Yusuf Sağlam

Yusuf Sağlam

Okumamak ne kaybettirir?

Okumamak ne kaybettirir?

İlk vahyi “Seni yaratan Rabbinin adıyla oku!” olan bir dine mensubuz. Herkes bu emre can-ı gönülden uymaya çalışmalıdır. Bunda Rabbimizin, kıymeti hiçbir şeyle mukayese edilemez hoşnutluğu vardır. Bu sebeple bizim okumaya, öğrenmeye vurgun olmamız icap eder.

Dünyada ve ahirette ilim bize fayda verecektir. Ona ısrarla yönelmemiz lazımdır.

Gazali hazretleri “Allah’tan kullar içinde ancak alimler korkar” (Fatır; 28) ayetinden yola çıkarak, “Demek ki ilim Rabbin yardımı ile tam manasıyla ibadetin yapılmasını ve bütün günahlardan sakınmayı temin eder” demektedir.
İlmin en önemli kapısı olan okumadan gördüğü faydayı, bir yazarımız bakın nasıl anlatıyor: “Sadece meslek gereği okumak zorunda değilim ben, aynı zamanda okuma denilen eyleme de vurgunum. Başkalarının zihin dünyasında dolaşma, daha büyük hayatların içine girebilme imkanı sağladığı için de okuyorum. Başka türlü asla öğrenemeyeceğim birçok şeyi bilmemi sağlıyor okumalarım; daha sağlıklı düşünmemi ve doğru kararlar almamı da…

İnsan hiç olmazsa günde 5-10 sayfa okumalı. Zira, ata sözüdür, biriken damlaların göl olduğu. Mesela Dr. Burney, ders vermek için bir öğrencinin evinden öteki öğrencinin evine gittiği sırada, Fransızca ve İtalyanca’yı at üzerinde öğrenmiştir.

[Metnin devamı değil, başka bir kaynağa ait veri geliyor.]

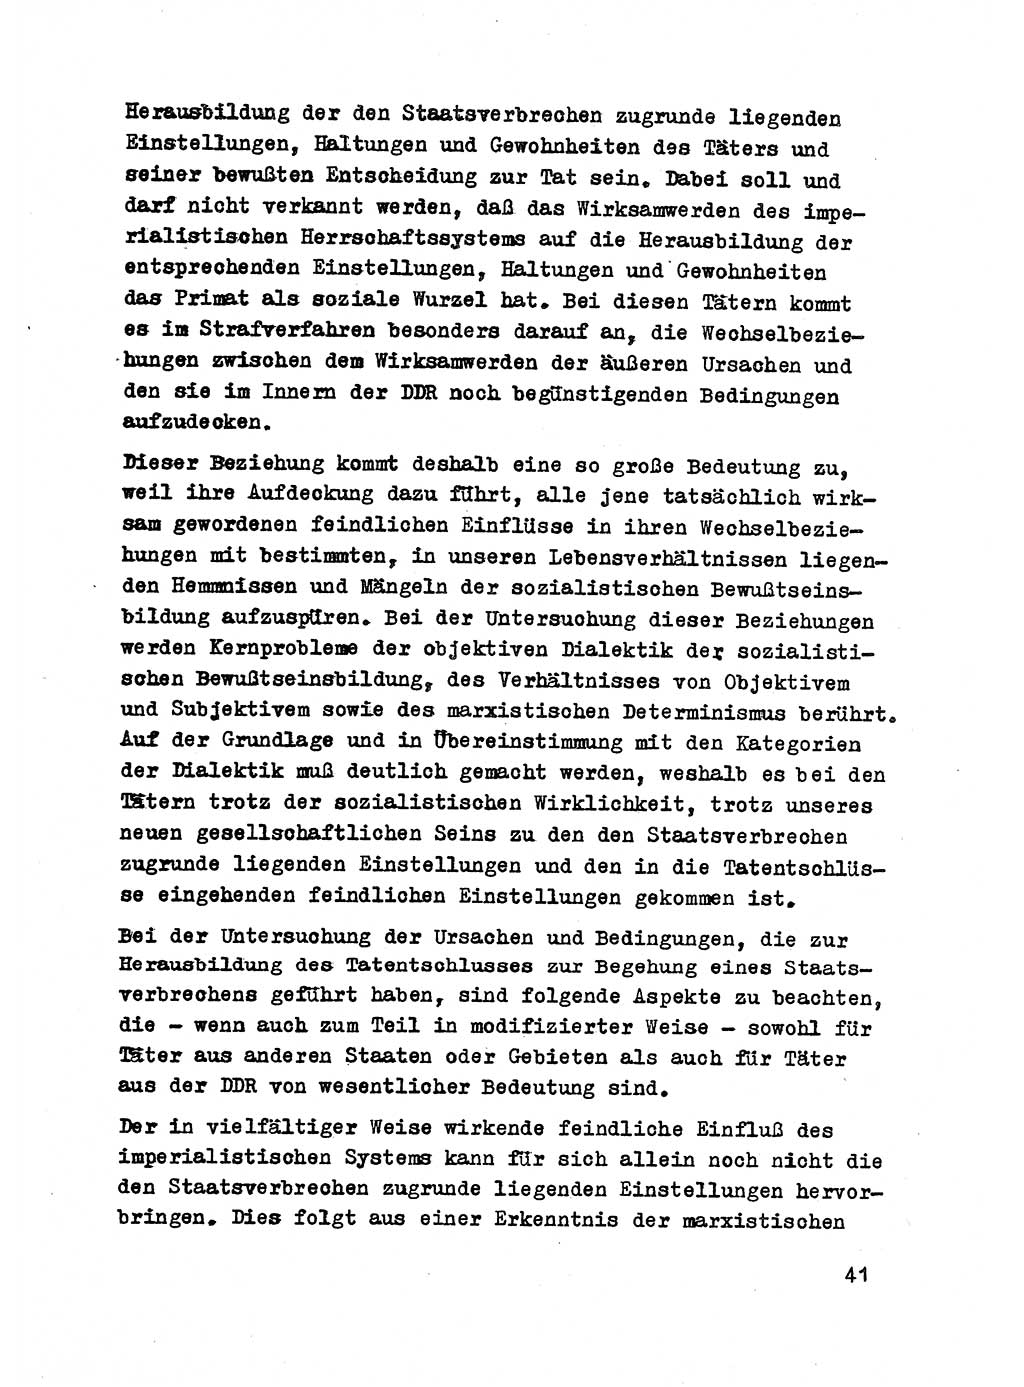 Strafrecht der DDR (Deutsche Demokratische Republik), Besonderer Teil, Lehrmaterial, Heft 2 1969, Seite 41 (Strafr. DDR BT Lehrmat. H. 2 1969, S. 41)

Mason Good, hastalarını ziyarete giderken araba içinde Lucretius’u tercüme etmiştir. Daguesseau, zamandan faydalanmasını bildiği için, yemek vaktini beklediği sıralarda, birbirini takip eden fasılalarla, kocaman bir kitap meydana getirmiştir… Biz de yapabiliriz. Şuurlu, istekli ve iradeli olalım yeter.

Descartes ‘iyi kitapları okumaktan bahseder. Okuyacağımız kitapların seçimi çok önemlidir. Maalesef tüm kitapları okumaya ömrümüz yetmeyecektir. O halde şu üç hususa dikkat edelim:

Bu kitaba veya bu bilgiye dünyevi veya uhrevi olarak ihtiyacımız var mı?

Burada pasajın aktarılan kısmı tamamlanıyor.